Section 360: obligation to invite on a ‘once and for all’ basis?

Federal Court. Can it be said that the obligation under s 360 of the Migration Act 1958 (Cth) to invite an applicant to a hearing does not operate on a “once and for all” basis, in that, if a new issue arises after a Tribunal hearing, a further hearing must be convened? Are issues which emerge during a hearing also subject to the obligation imposed by s 360?

Meaning of “danger” in s 36(1C)(b)

Federal Court. A criterion under s 36(1C)(b) for a protection visa is that the applicant is not a person whom the Minister considers, on reasonable grounds, "having been convicted by a final judgment of a particularly serious crime, is a danger to the Australian community". Does the word "danger" carry the meaning of a present and serious risk of exceptional criminality? Can the nature of the “particularly serious crime” be sufficient reason, in some cases, for a decision-maker to consider on reasonable grounds that an applicant is a danger to the Australian community? In assessing danger, must there be a link between the conviction and that danger? Are the two parts of the test in s 36(1C)(b) related in any proportionate or balancing way?

Obligation to consider claims outside of non-refoulement obligations?

Federal Court (Full Court). Can it be said that, "in conducting a review of a non-revocation decision under s 501CA(4) of the Act, the Tribunal must give meaningful consideration to a clearly articulated and substantial or significant representation concerning the risk of harm to the former visa holder if returned to his country of nationality independently of a claim concerning Australia’s international non-refoulement obligations, and that a failure to do so may give rise to jurisdictional error"?

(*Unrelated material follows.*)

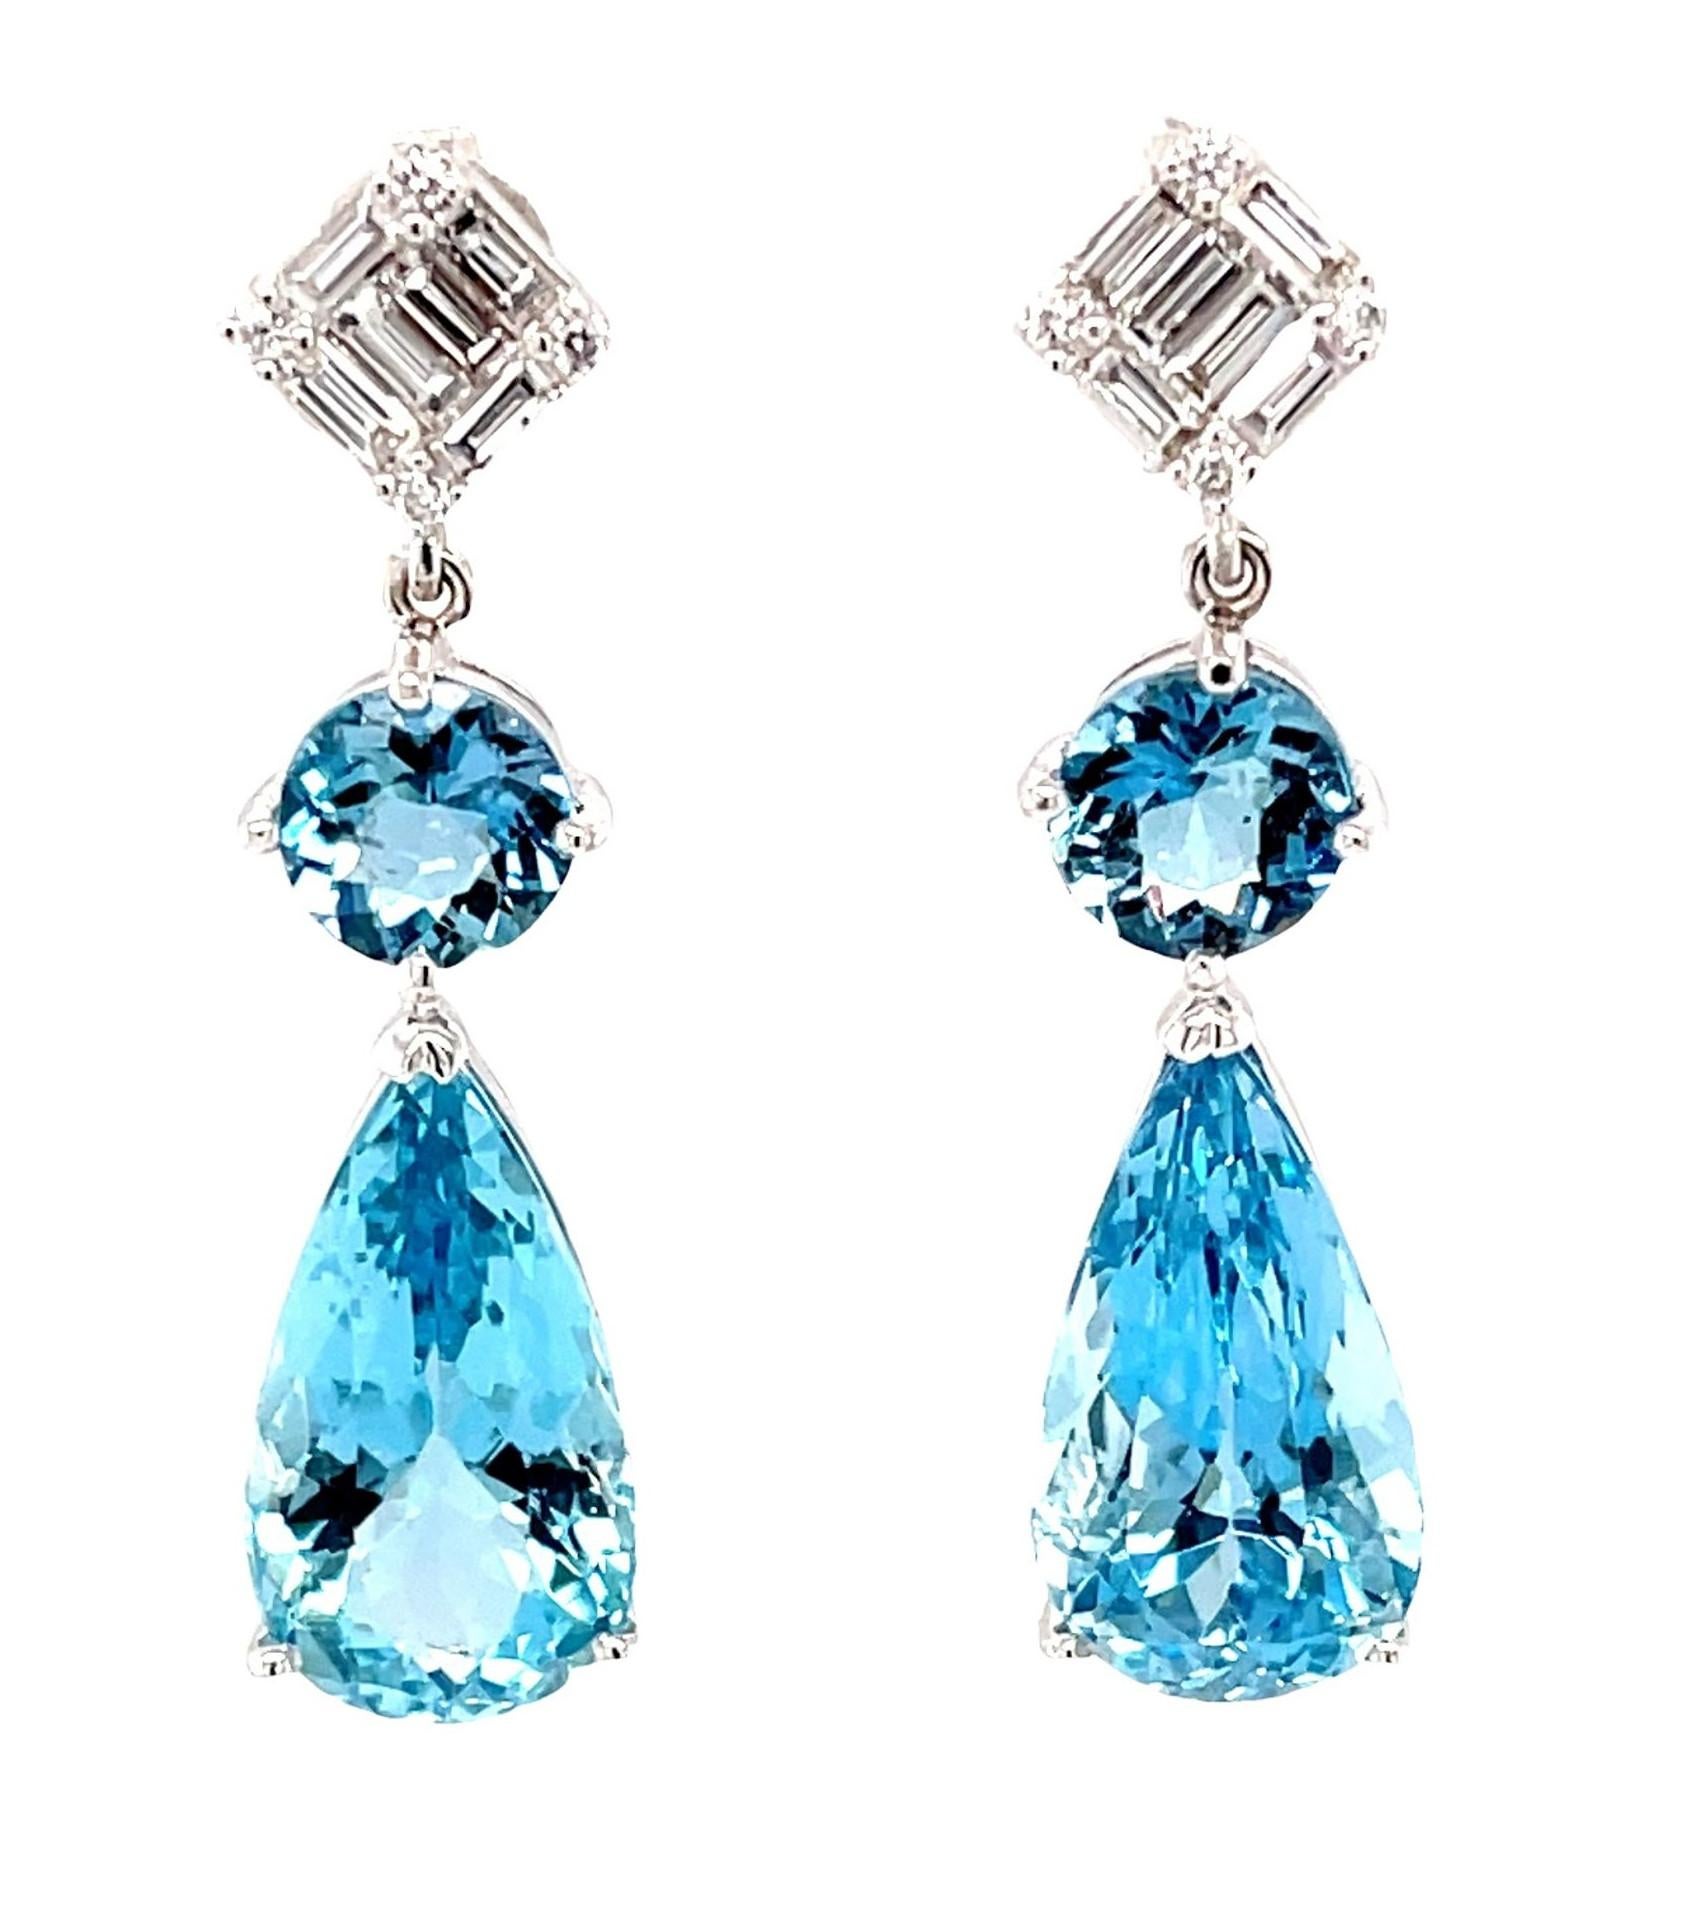 These exquisitely handcrafted aquamarine and diamond earrings definitely say

Must discretion in s 427(1)(a) be exercised reasonably?

Federal Court. If the Tribunal's decision not to call a witness put forward by the Appellant was affected by jurisdictional error in that it lacked an evident and intelligible justification, could that error also be identified as a failure to take into account a relevant consideration (that the witness' oral evidence may assist the Tribunal to determine the Appellant's claim to be a refugee)?

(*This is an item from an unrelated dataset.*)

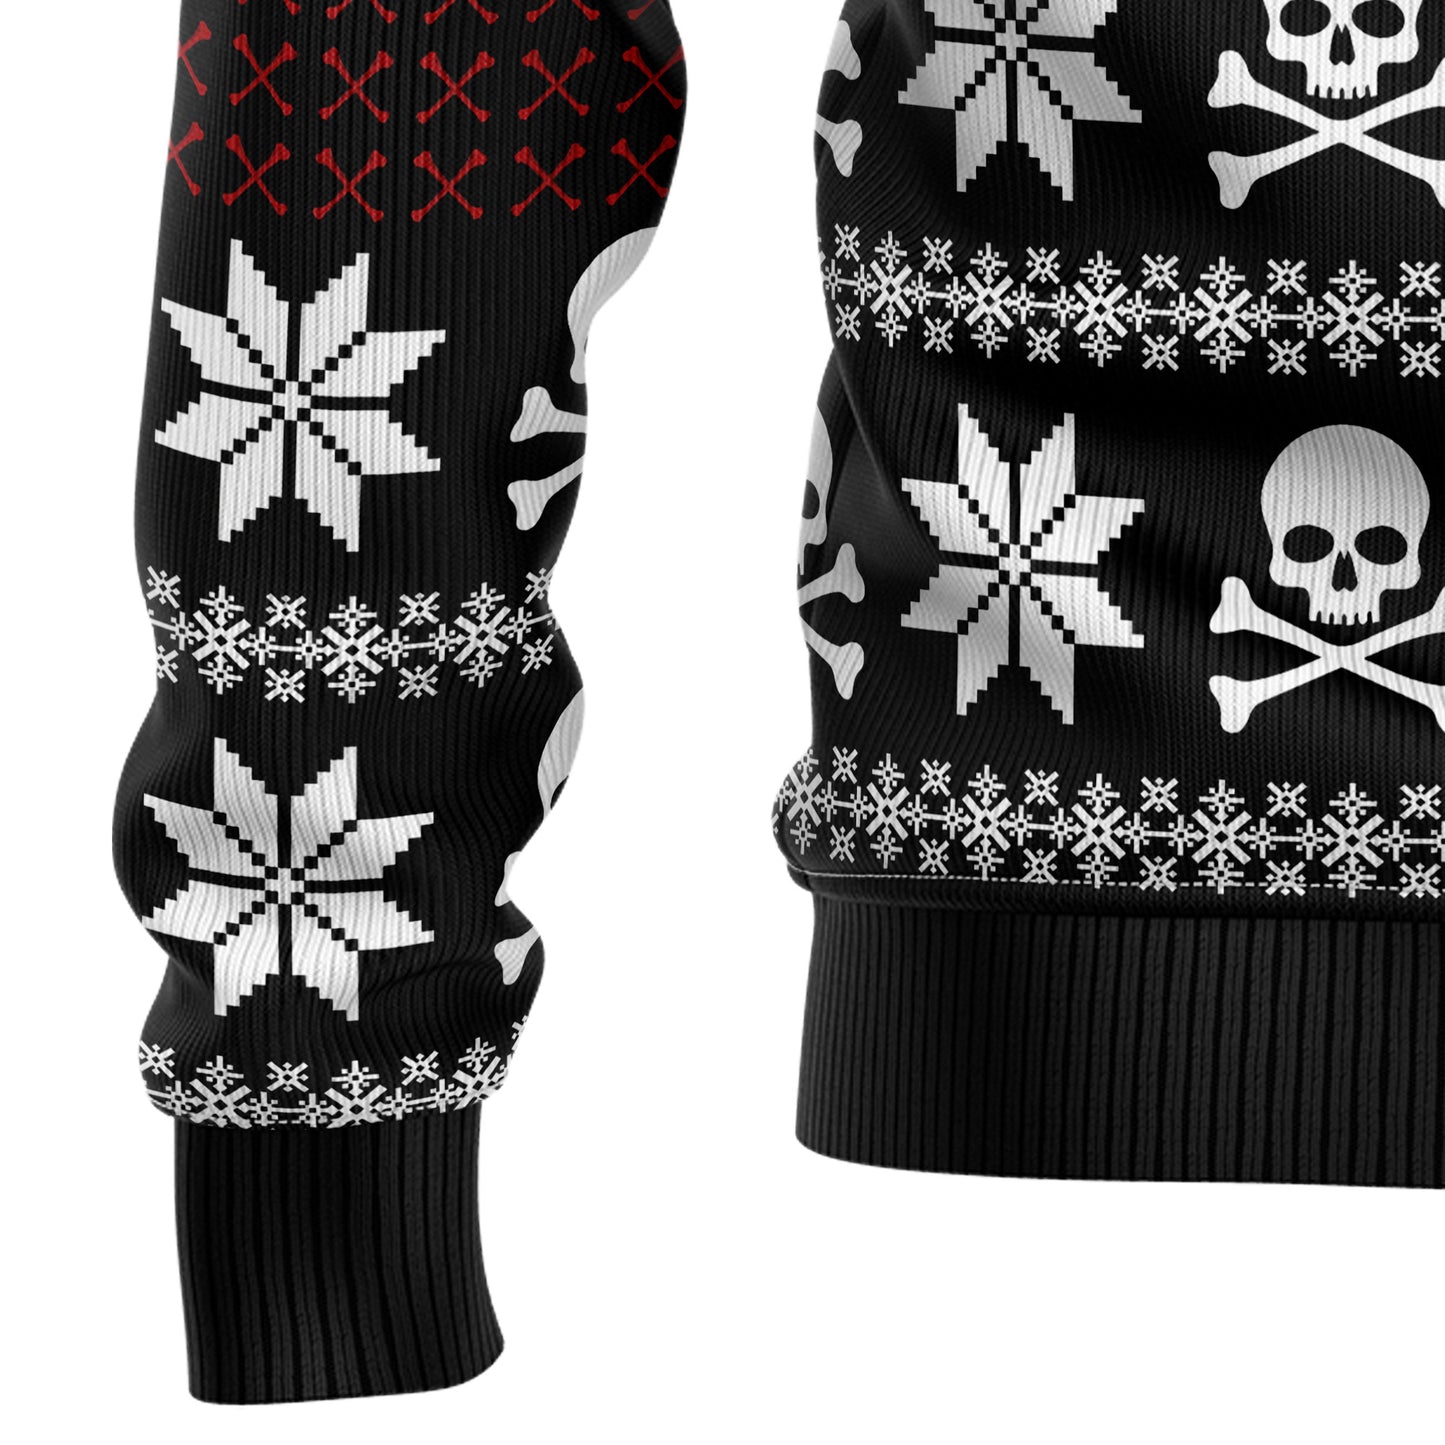 Skull Jolly Face TY510 Ugly Christmas Sweater

Para 9.1(1) of Direction 90 interpreted

Federal Court (Full Court). Do the definition of "non-refoulement obligations" under s 5(1) of the Migration Act 1958 (Cth) or s 197C(1) satisfy the description under para 9.1(1) of Direction 90 of being “tests enunciated in the Act”?

Jurisdictional error in simple English

According to the majority, jurisdictional error consists of a material breach of a condition of the exercise of a decision-making power. ‘Ordinarily... breach of a condition cannot be material unless compliance with the condition could have resulted in the making of a different decision'.

FCA has jurisdiction for damages in tort? Multiple parties in migration litigation?

High Court: Under s 44(2A) of Judiciary Act 1903, HCA can remit a matter involving the Commonwealth to FCA. But under s 476B of Migration Act 1958, HCA can only remit a matter that relates to a migration decision to FCA if FCA has jurisdiction under ss 476A(1)(b) or (c). Can it be said that the reach of ss 476B and 476A "is confined to applications for public law remedies in the nature of judicial review of migration decisions and so does not deprive the [FCA] of original jurisdiction in relation to a claim in tort against the Commonwealth for false imprisonment the result of the Commonwealth allegedly taking too long in making a migration decision to grant or refuse a visa"? Did s 486B preclude the plaintiff from bringing the claim in tort as a class action or representative proceeding?